### [What needs to be done]
The needed output is the run of lines below from the one containing "Waves clipart comic. Silver the hedgehog pre" through the one containing "Andersson Bell mens", copied exactly and free of pictures.

### [Dataset excerpts]
-=-=-
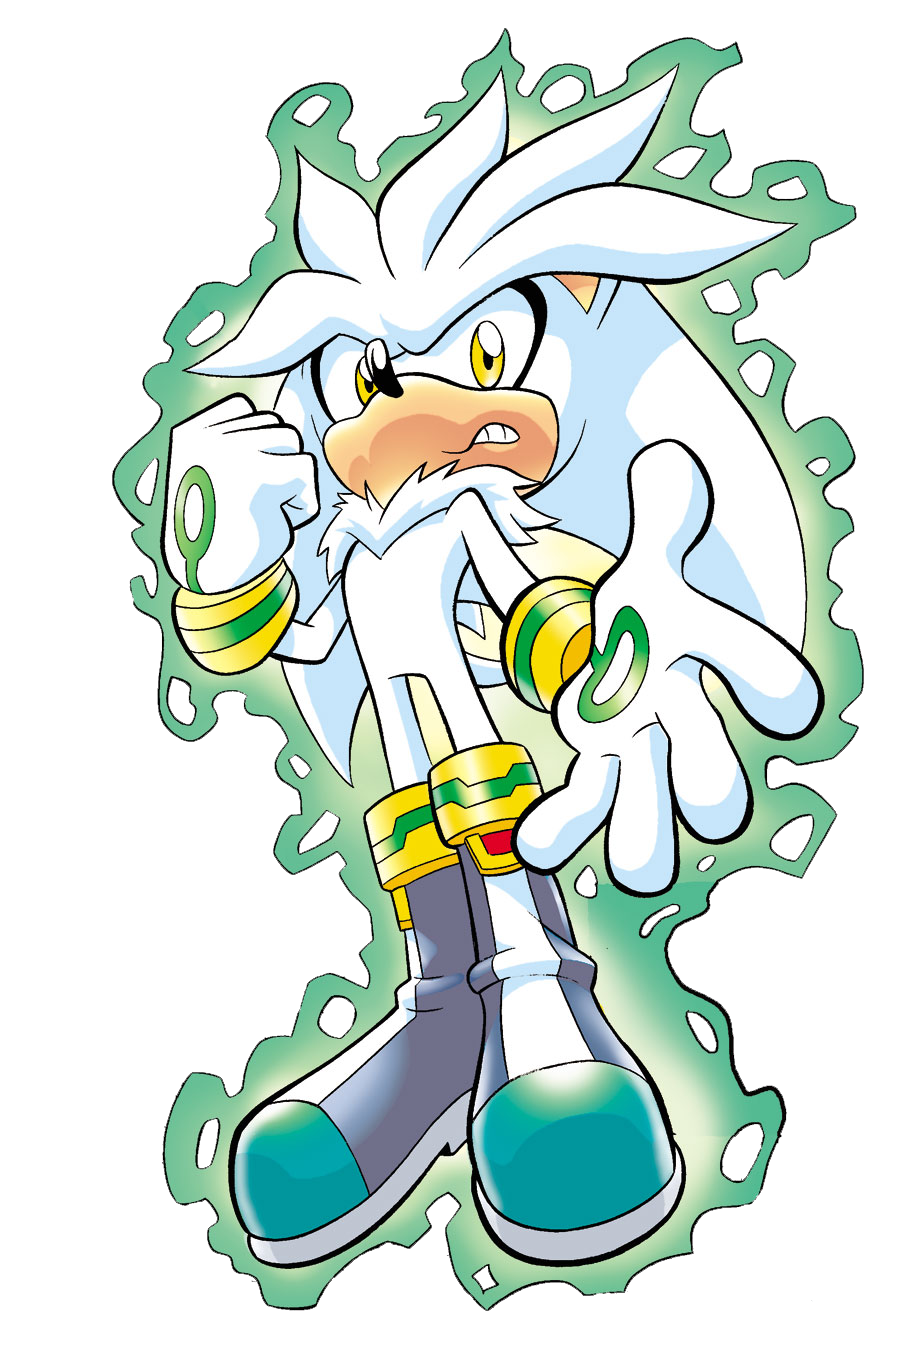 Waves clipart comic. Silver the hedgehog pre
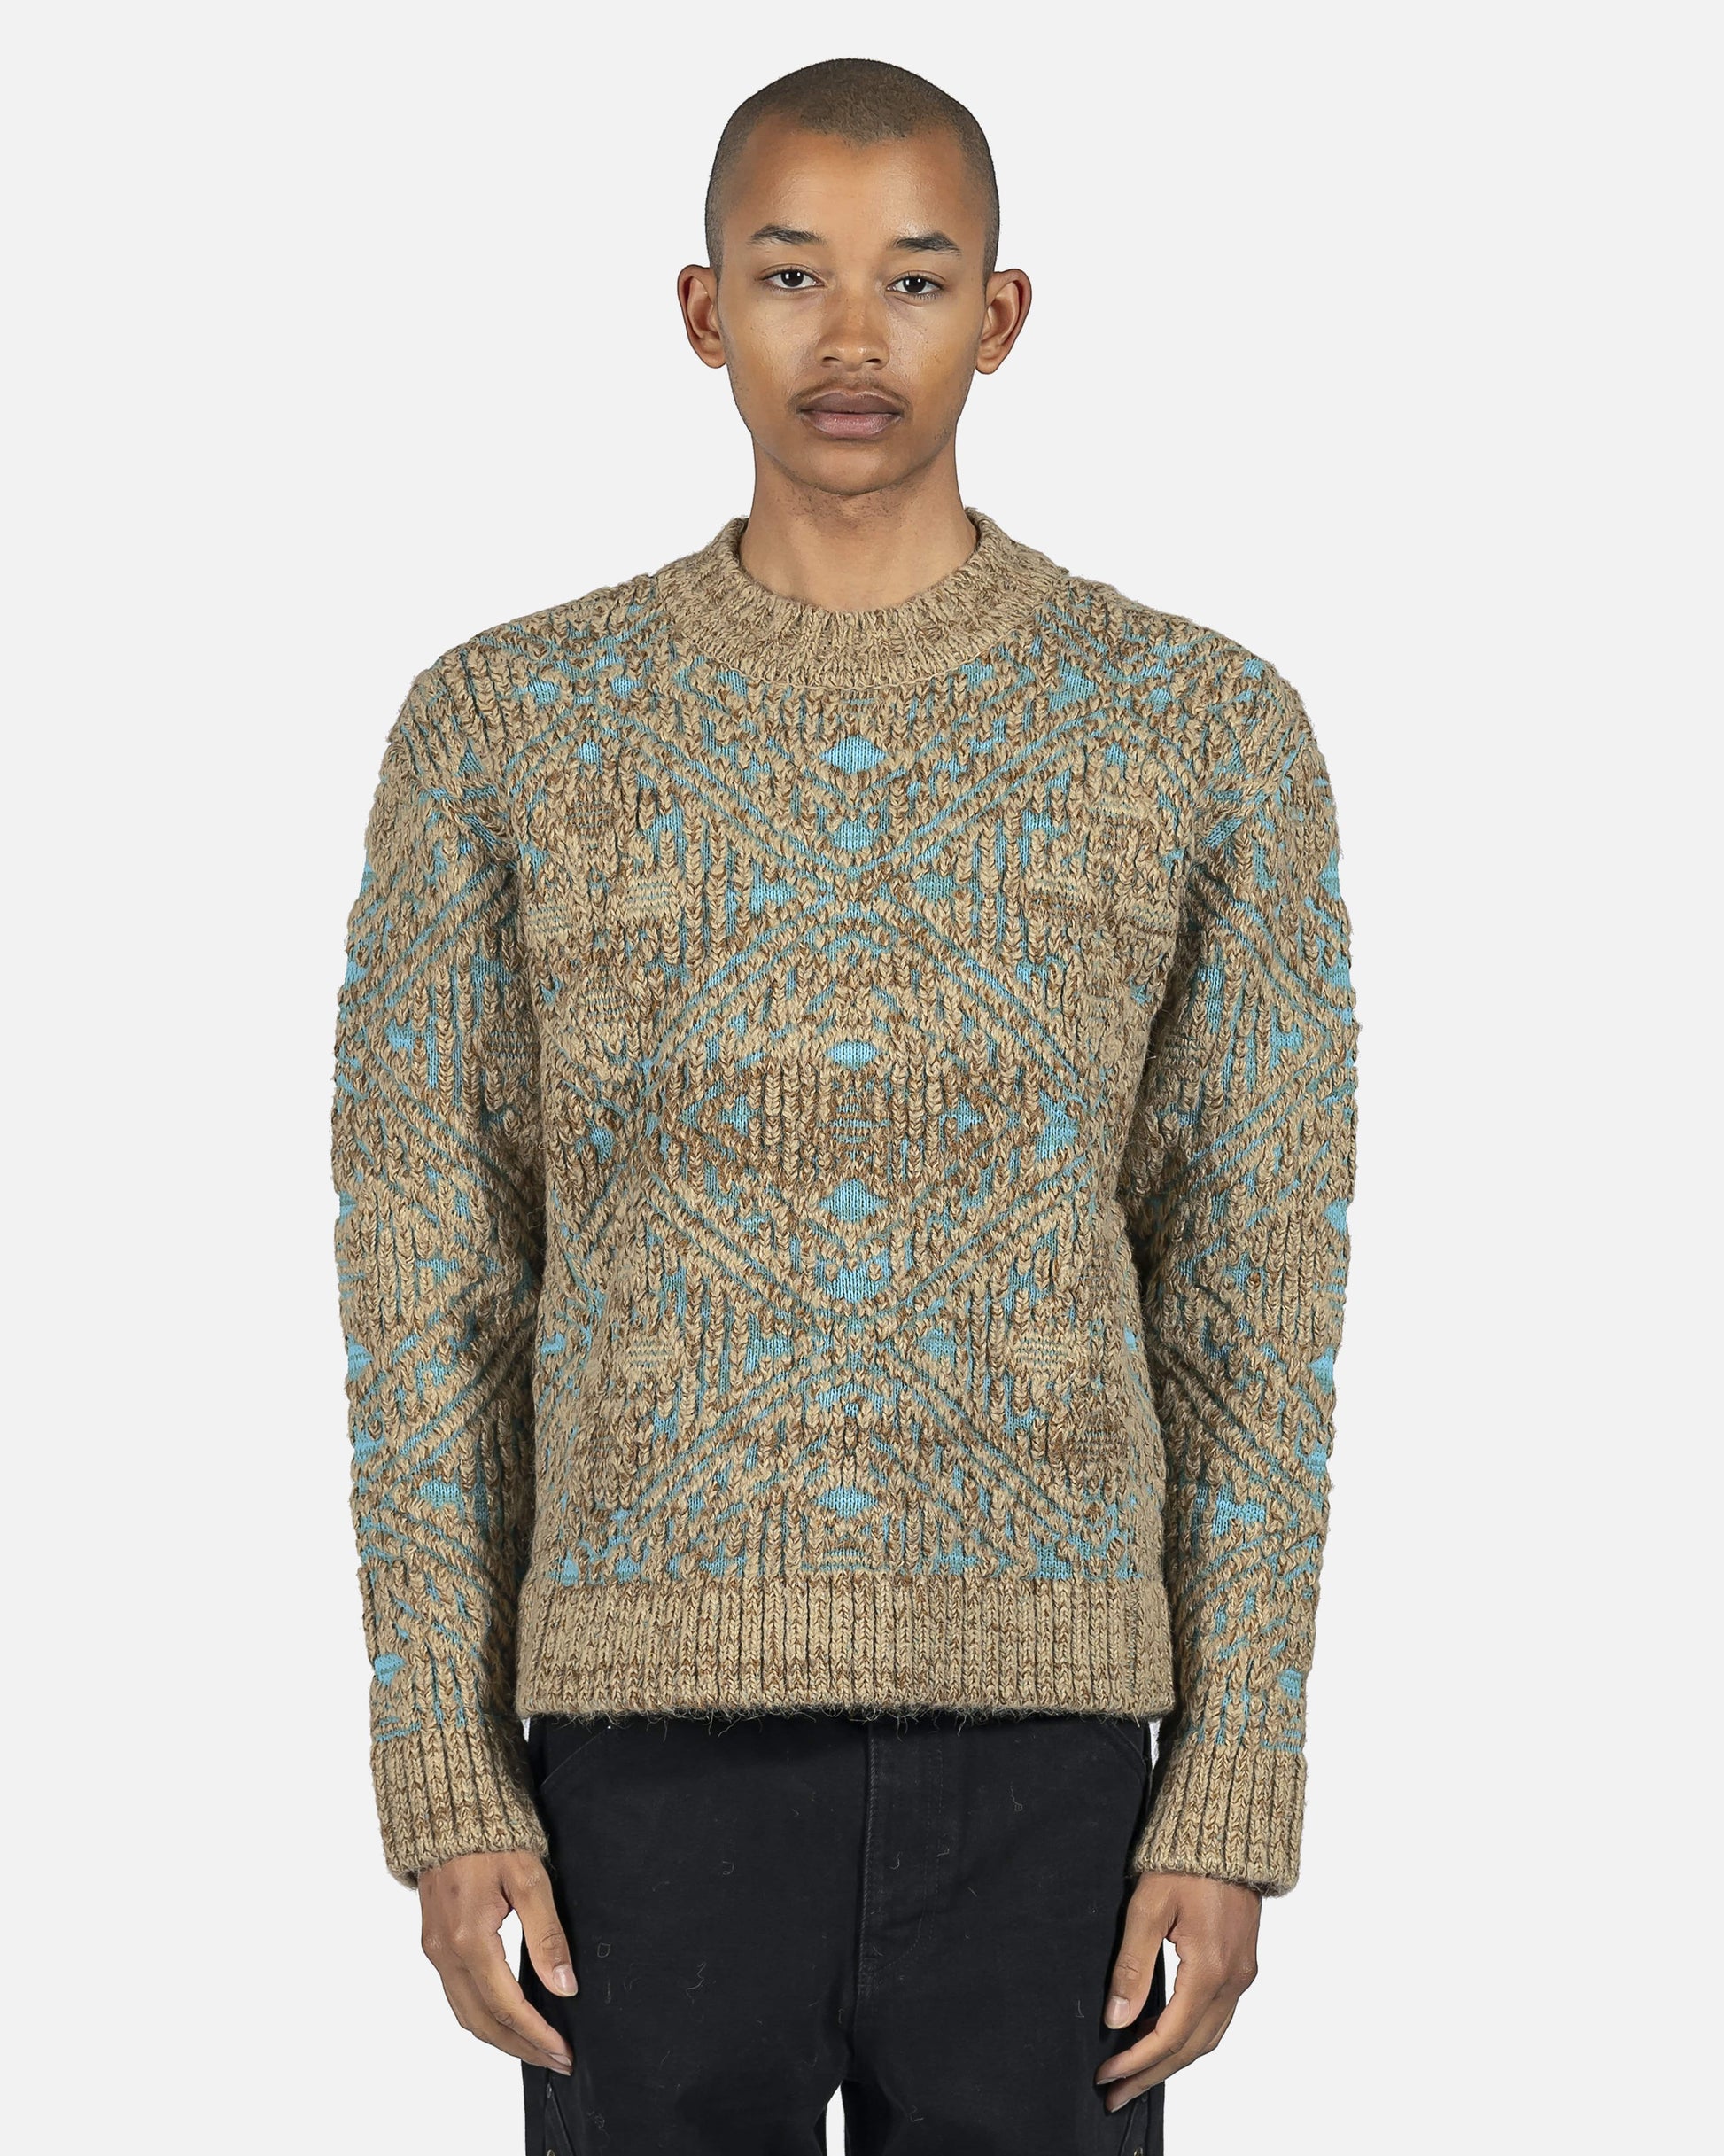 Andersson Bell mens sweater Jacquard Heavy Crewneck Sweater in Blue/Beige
-=-=-
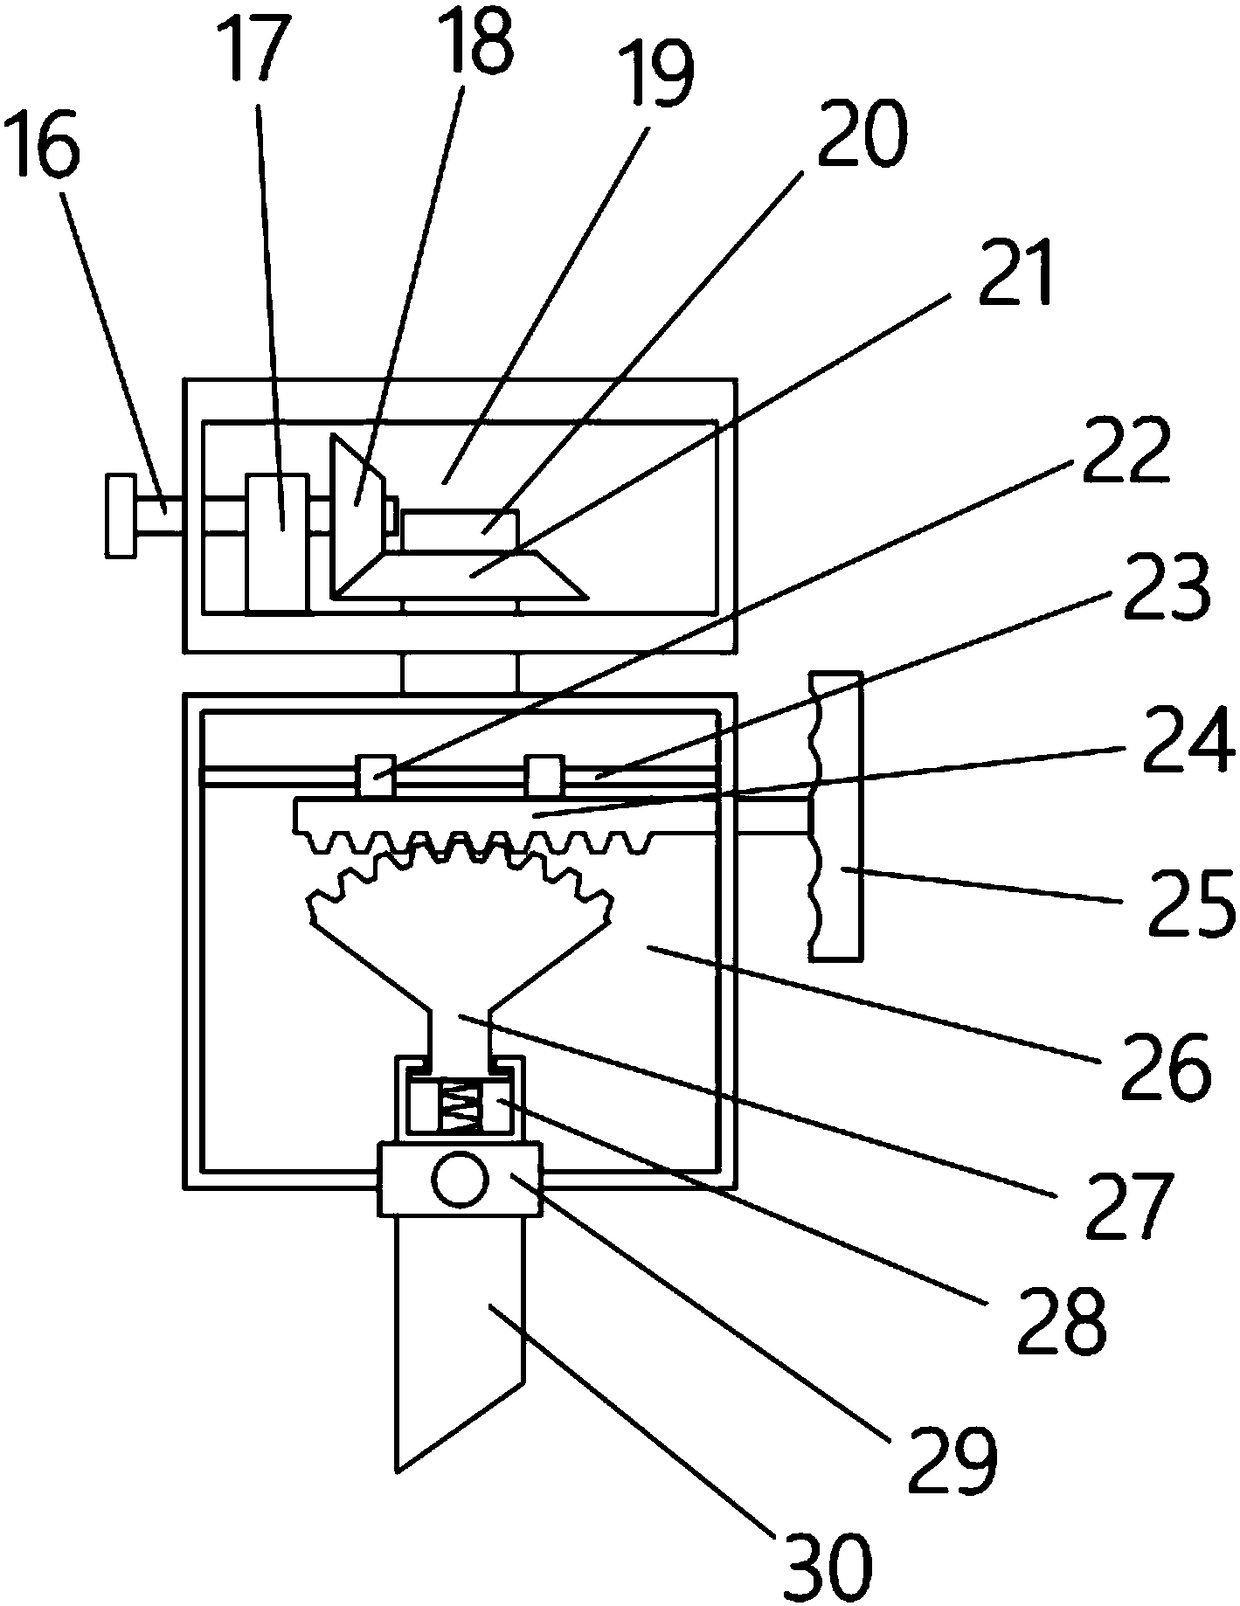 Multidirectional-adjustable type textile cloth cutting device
-=-=-
### [Answer section]
 Waves clipart comic. Silver the hedgehog pre
 Andersson Bell mens sweater Jacquard Heavy Crewneck Sweater in Blue/Beige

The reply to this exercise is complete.